YOUR OBJECTIVE - Leave out every picture, and output exactly the lines from the line containing "4广州市机关单位通过政府统一调拨取得办公用房办理登记流程（转移登记）.jpg" through the last line of the data.

[Saved entries]
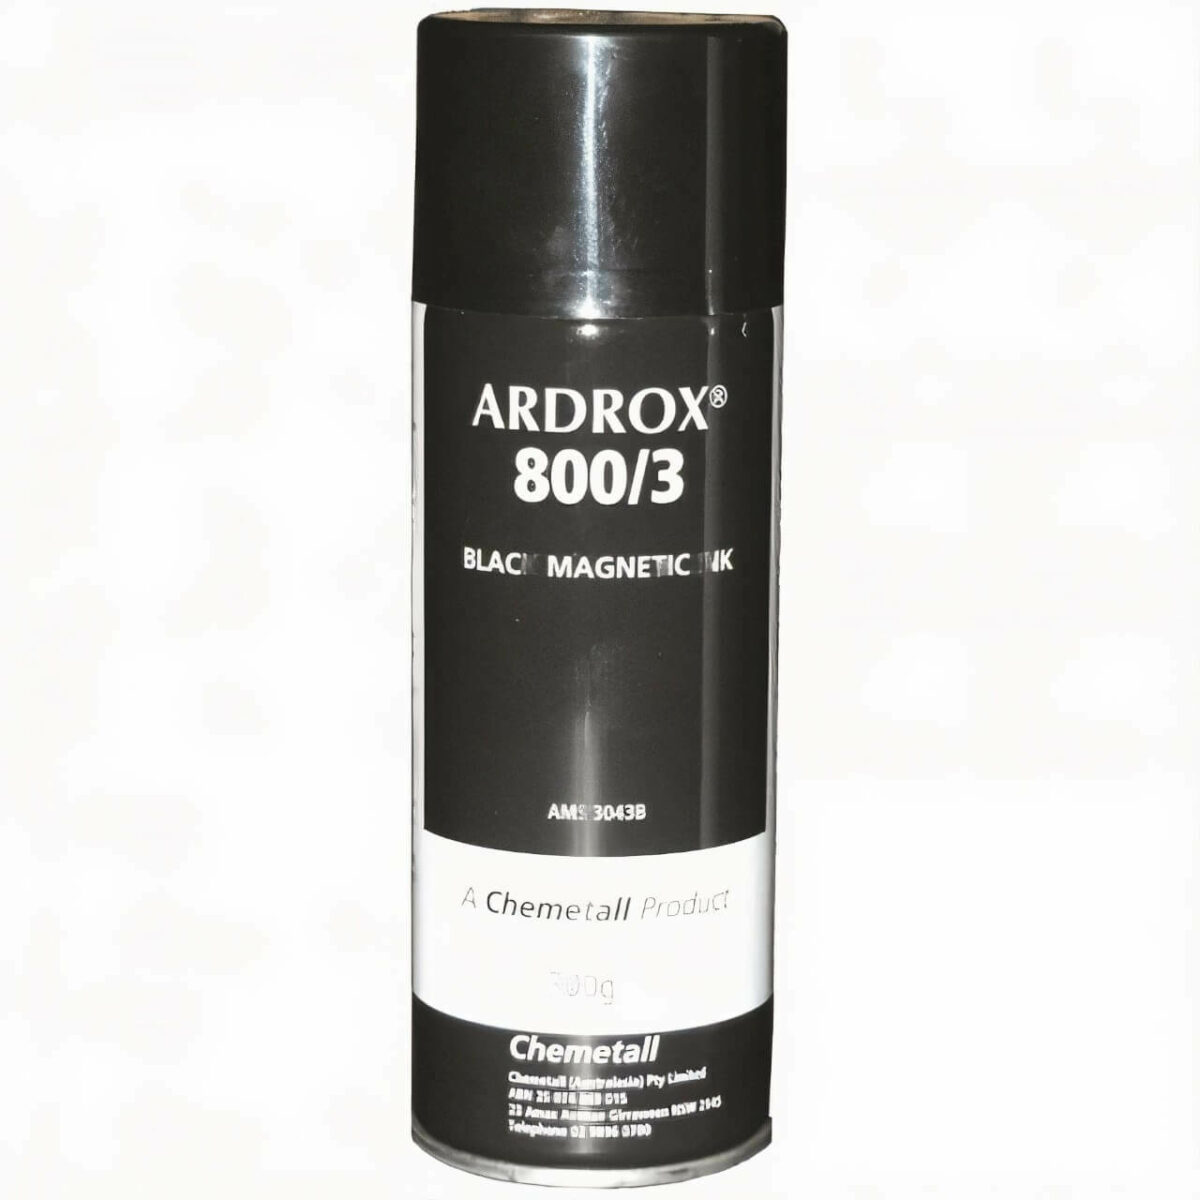 Crack Testing Ardrox Black Magnetic Ink - 800/3
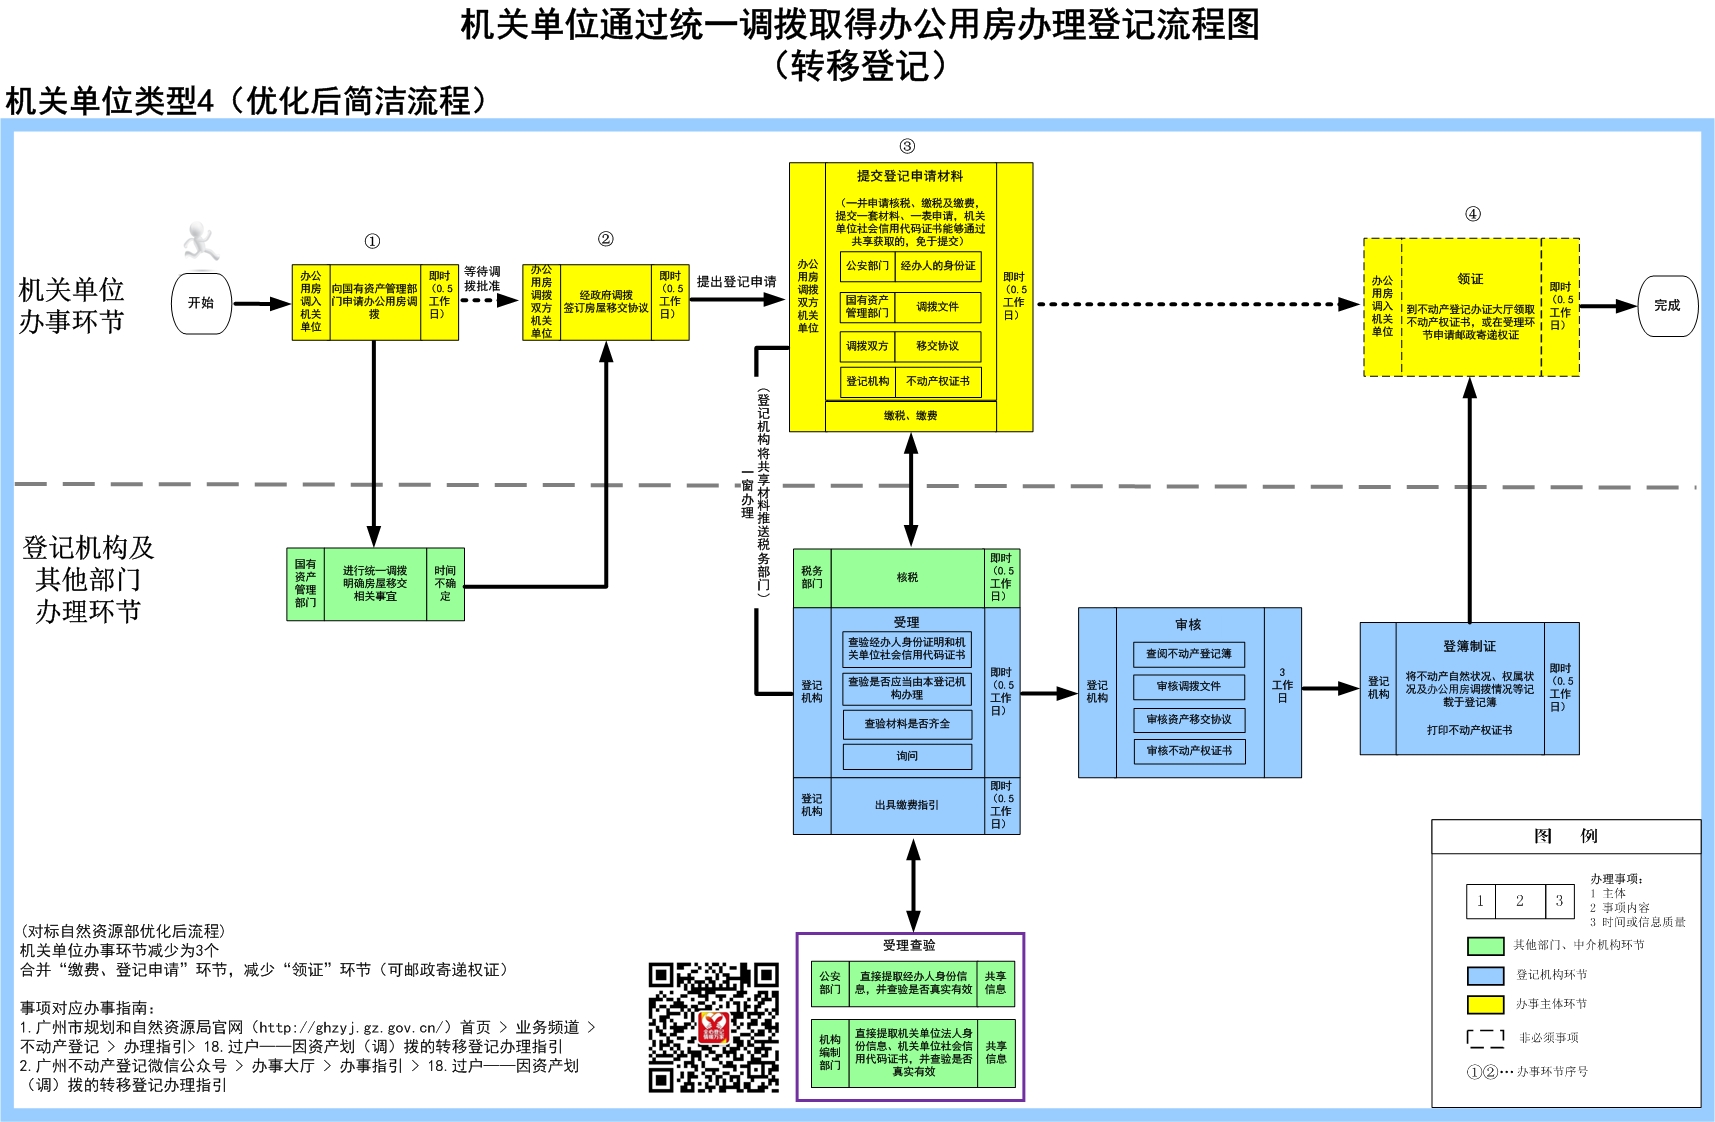 4广州市机关单位通过政府统一调拨取得办公用房办理登记流程（转移登记）.jpg
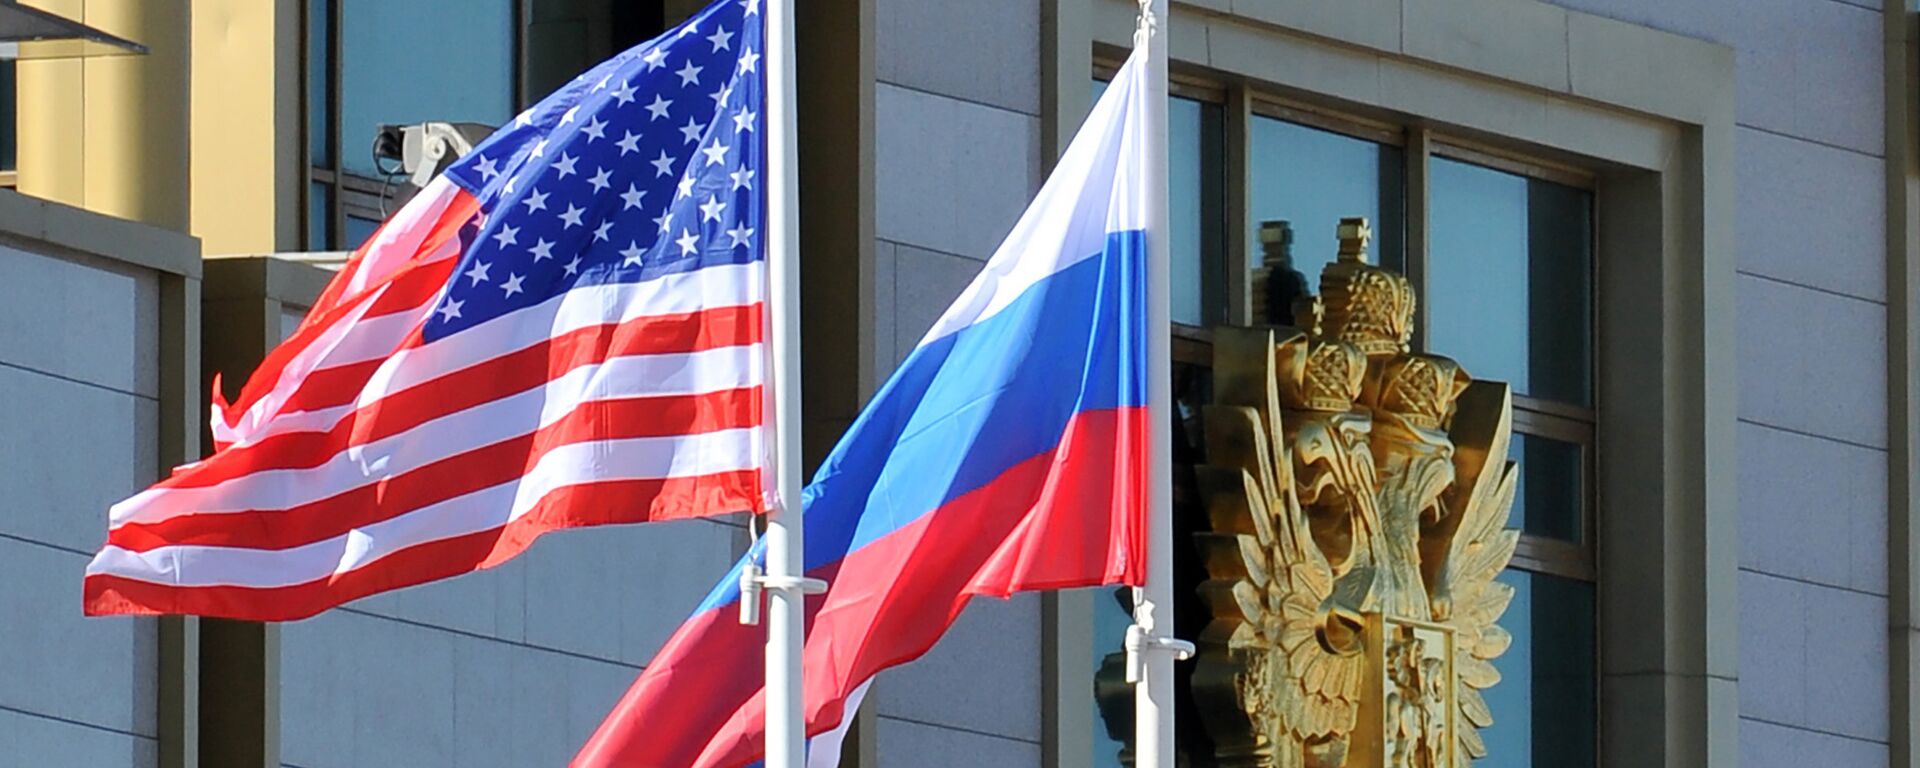 Banderas de EEUU y Rusia - Sputnik Mundo, 1920, 19.05.2021
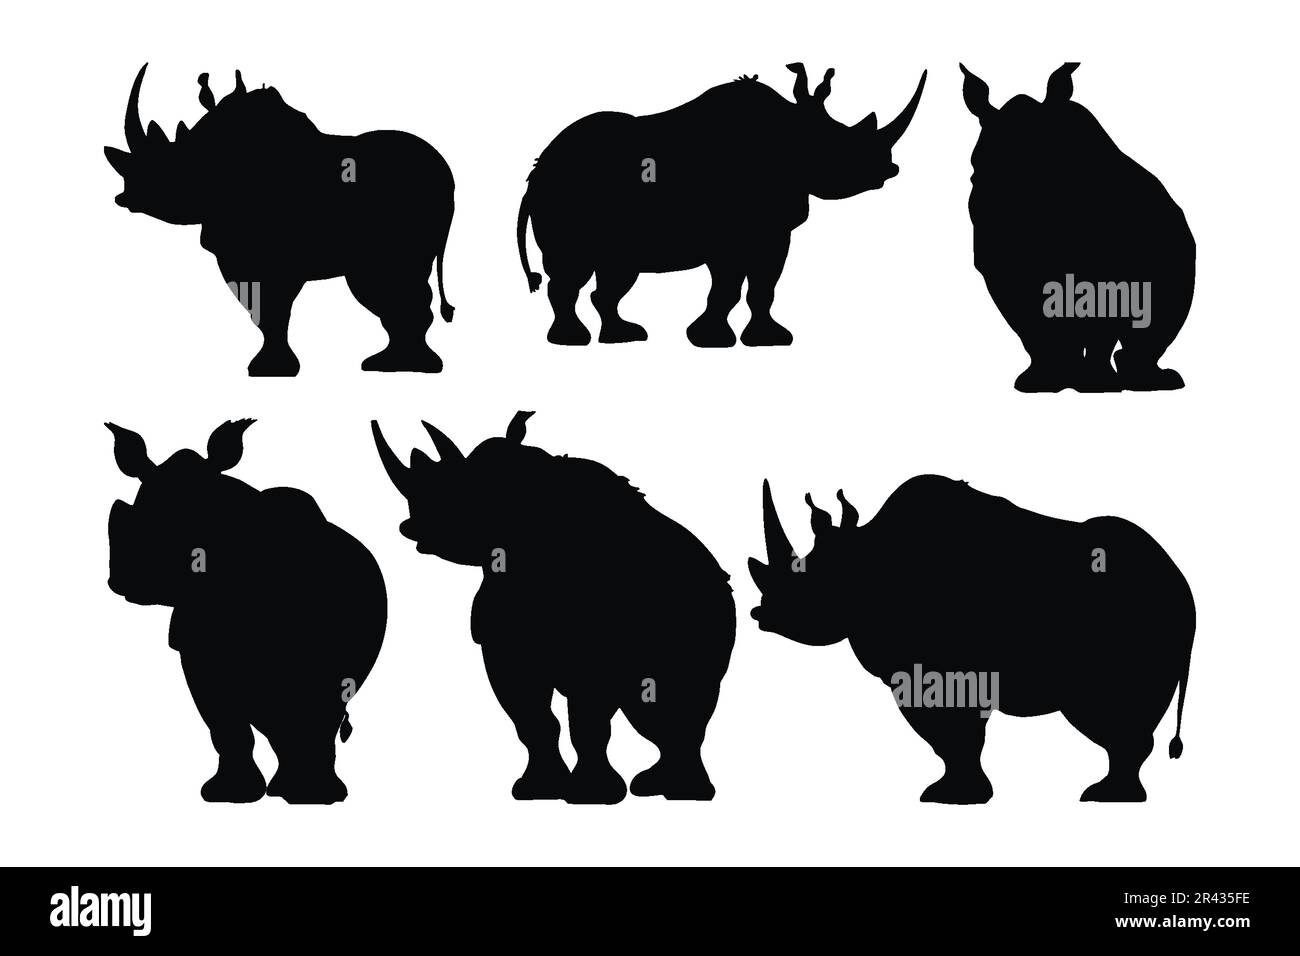 Rhino de pie en diferentes posiciones, silueta conjunto vector. Colección de silueta de rinoceronte adulto sobre un fondo blanco. Animales salvajes peligrosos como la cadera Ilustración del Vector
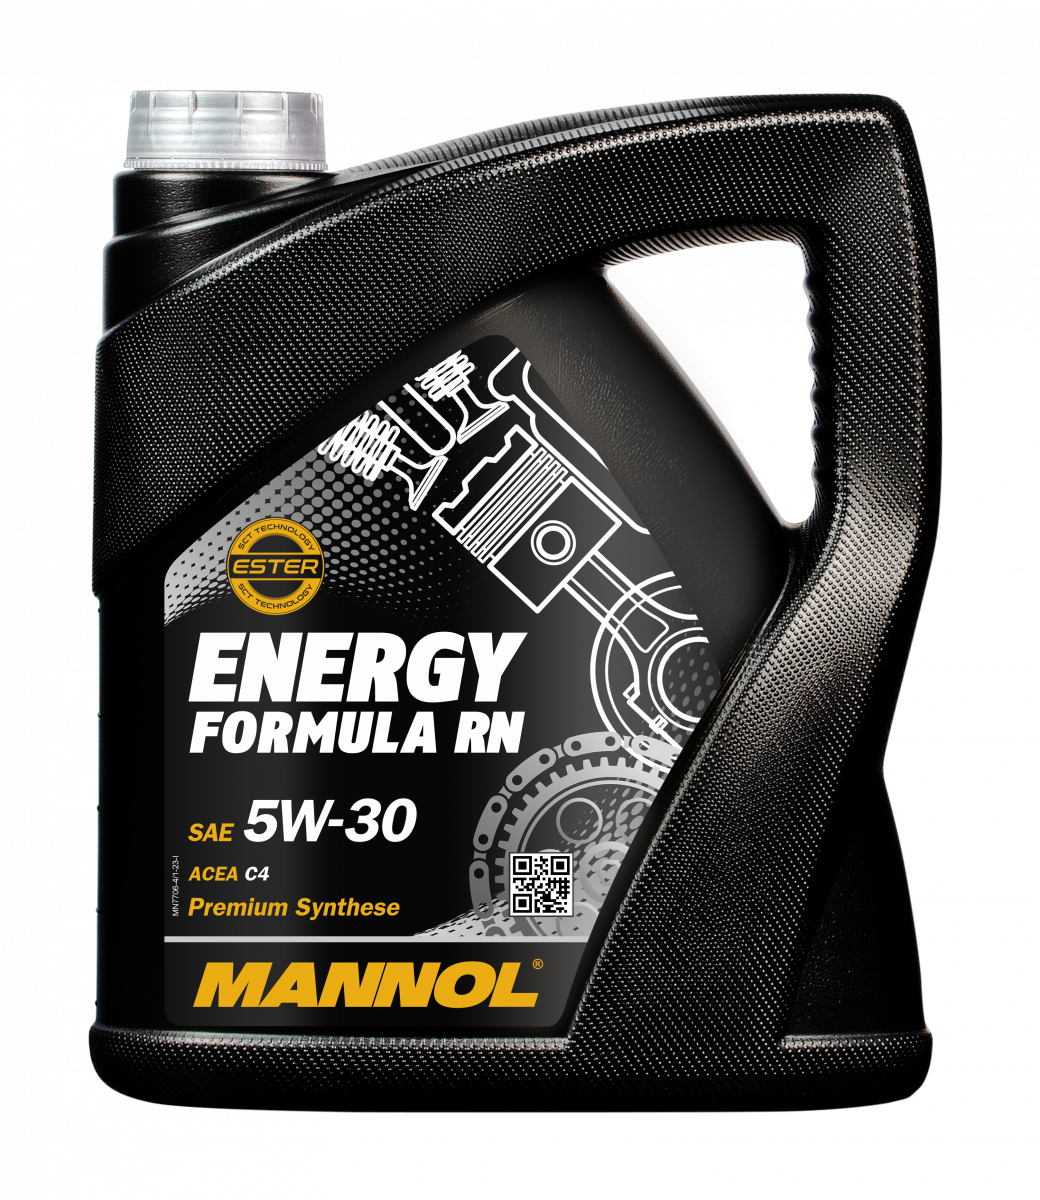 4 Liter Mannol 5W-30 Energy Formula RN - € 19,95
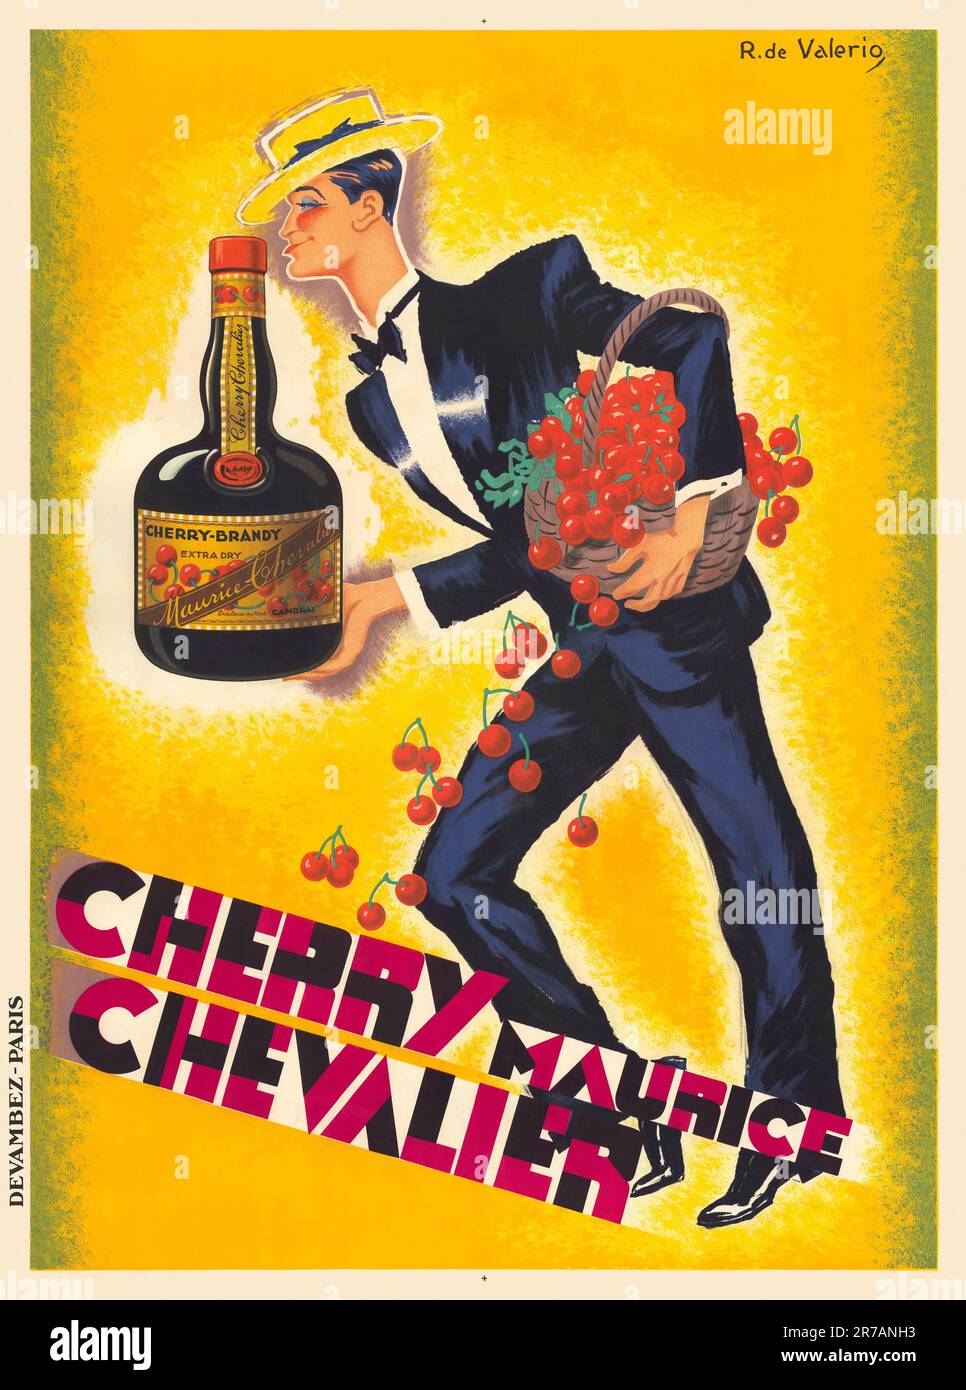 Cherry Maurice Chevalier von Roger de Valerio (1886-1951). Poster wurde 1930 in Frankreich veröffentlicht. Stockfoto

RESPONSE TO THE TASK -
 4广州市机关单位通过政府统一调拨取得办公用房办理登记流程（转移登记）.jpg
 Banderas de EEUU y Rusia - Sputnik Mundo, 1920, 19.05.2021
 Rhino de pie en diferentes posiciones, silueta conjunto vector. Colección de silueta de rinoceronte adulto sobre un fondo blanco. Animales salvajes peligrosos como la cadera Ilustración del Vector
 4 Liter Mannol 5W-30 Energy Formula RN - € 19,95
 Cherry Maurice Chevalier von Roger de Valerio (1886-1951). Poster wurde 1930 in Frankreich veröffentlicht. Stockfoto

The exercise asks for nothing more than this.